Learning Dexterous Manipulation Skills from Imperfect Simulations

TL;DR

DexScrew tackles the sim-to-real gap in dexterous manipulation by bootstrapping from a simplified simulation to learn rotational finger gaits, then collecting real-world multisensory demonstrations via skill-based teleoperation, and finally training a tactile-aware behavior-cloning policy. The approach yields robust, generalizable manipulation for nut-bolt fastening and screwdriver tasks, outperforming direct sim-to-real transfer and showing strong performance on unseen geometries and under perturbations. Key findings highlight the necessity of tactile feedback and temporal history for stable, efficient manipulation.

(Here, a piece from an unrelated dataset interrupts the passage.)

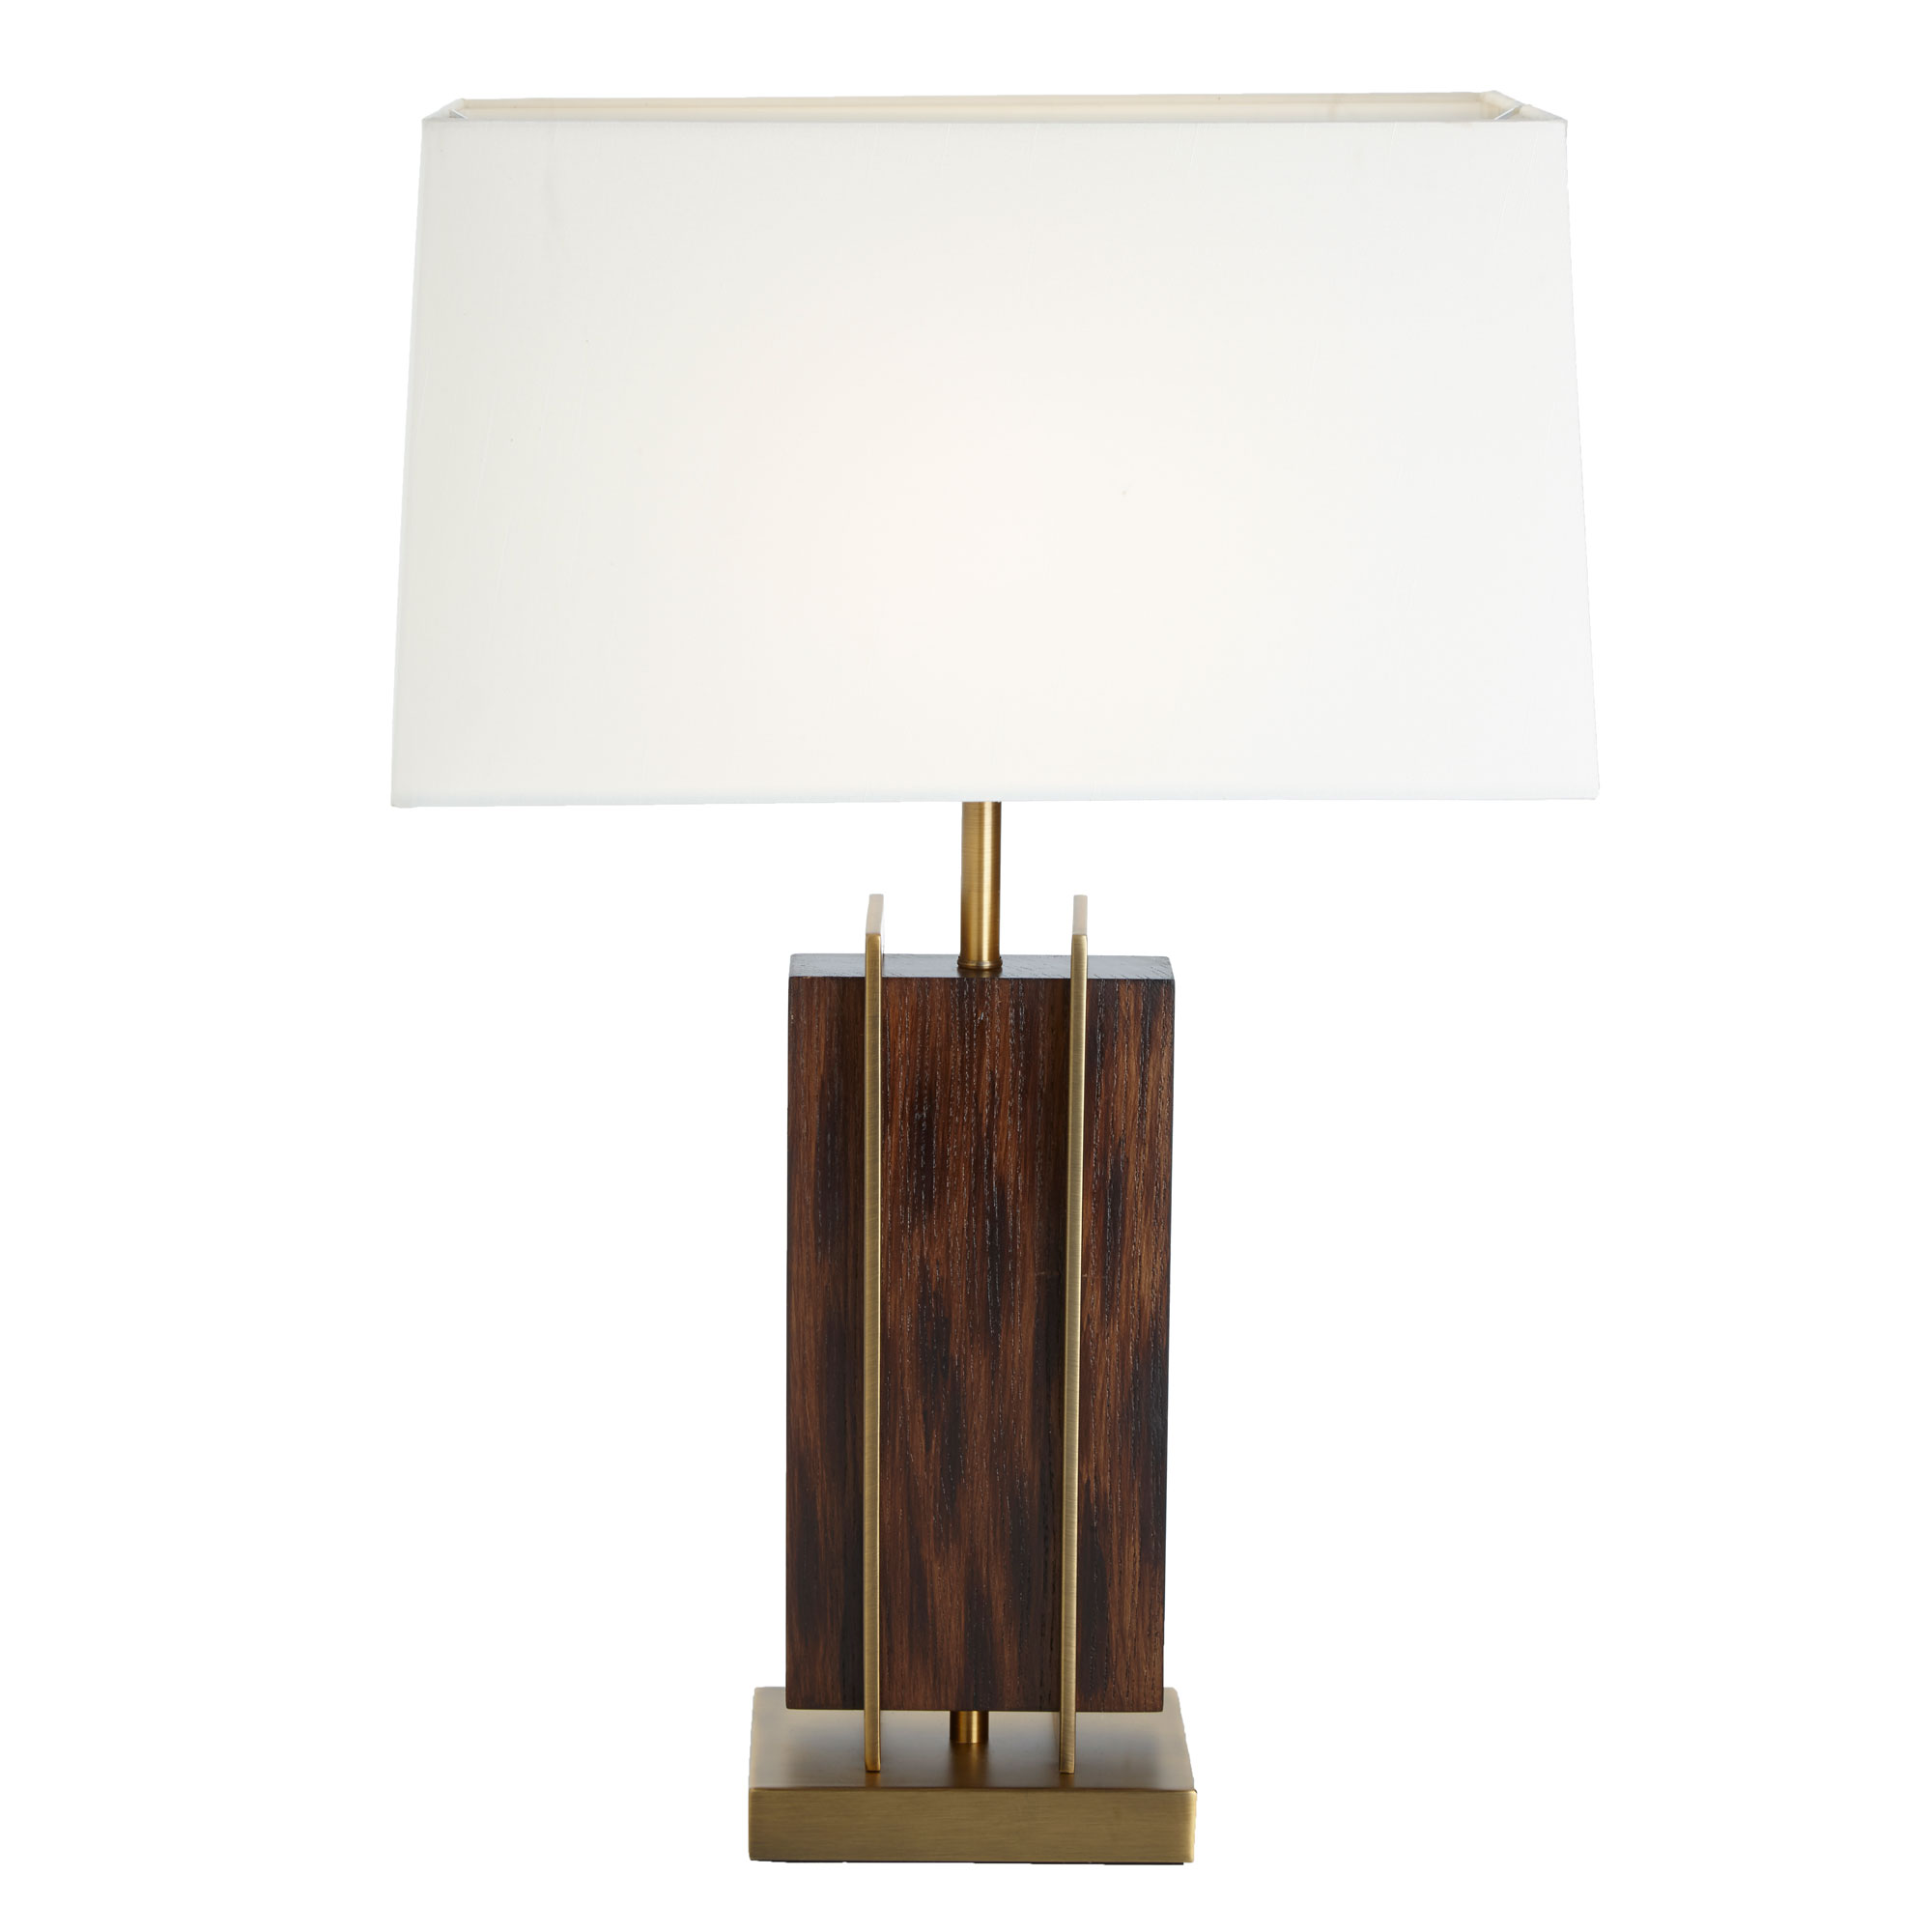 Parcent Table Lamp wood and rosewood vaneered lamp

This staged pipeline offers a practical, scalable path toward dexterous manipulation with general-purpose robotic hands in unstructured environments.

Abstract

Reinforcement learning and sim-to-real transfer have made significant progress in dexterous manipulation. However, progress remains limited by the difficulty of simulating complex contact dynamics and multisensory signals, especially tactile feedback. In this work, we propose \ours, a sim-to-real framework that addresses these limitations and demonstrates its effectiveness on nut-bolt fastening and screwdriving with multi-fingered hands. The framework has three stages. First, we train reinforcement learning policies in simulation using simplified object models that lead to the emergence of correct finger gaits. We then use the learned policy as a skill primitive within a teleoperation system to collect real-world demonstrations that contain tactile and proprioceptive information. Finally, we train a behavior cloning policy that incorporates tactile sensing and show that it generalizes to nuts and screwdrivers with diverse geometries. Experiments across both tasks show high task progress ratios compared to direct sim-to-real transfer and robust performance even on unseen object shapes and under external perturbations. Videos and code are available on https://dexscrew.github.io.

Figures (6)

• Figure 1: An overview of our approach. We first train a reinforcement learning policy in simulation using a simplified object model, which serves as a motion prior for nut-bolt fastening and screwdriving. We then collect real-world trajectories by using the learned policy as a skill primitive during teleoperation. Finally, we train a behavior cloning policy on the collected data to obtain coordinated behavior between the arm and the fingers.
• Figure 2: Simplified Object Models. Each nut or handle is modeled as a rigid body attached to a fixed base through a revolute joint. This abstraction ignores thread-level mechanics while retaining the essential rotational dynamics needed for learning.
• Figure 3: Teleoperation Interface. The human operator controls the wrist position using the VR controller buttons and adjusts yaw and pitch through the joystick. This setup allows the operator to guide the arm motion while relying on the learned finger-rotation skill during data collection.
• Figure 4: Top: The policy with tactile information maintains a consistent alternating pattern of thumb and index finger contact, which supports stable engagement as the nut is rotated downward. Bottom: The policy without tactile information does not maintain a clear contact pattern. This leads to unsuccessful engagement and prevents proper downward wrist motion. The resulting pattern reflects the index finger pressing against the bolt after losing stable contact.
• Figure 5: Top row: The policy recovers back to the nut-bolt fastening motion when the fingers are dragged by an external force. Bottom row: The policy recovers back to the screwdriving motion when the screwdriver is rotated counterclockwise during the clockwise rotation by the policy.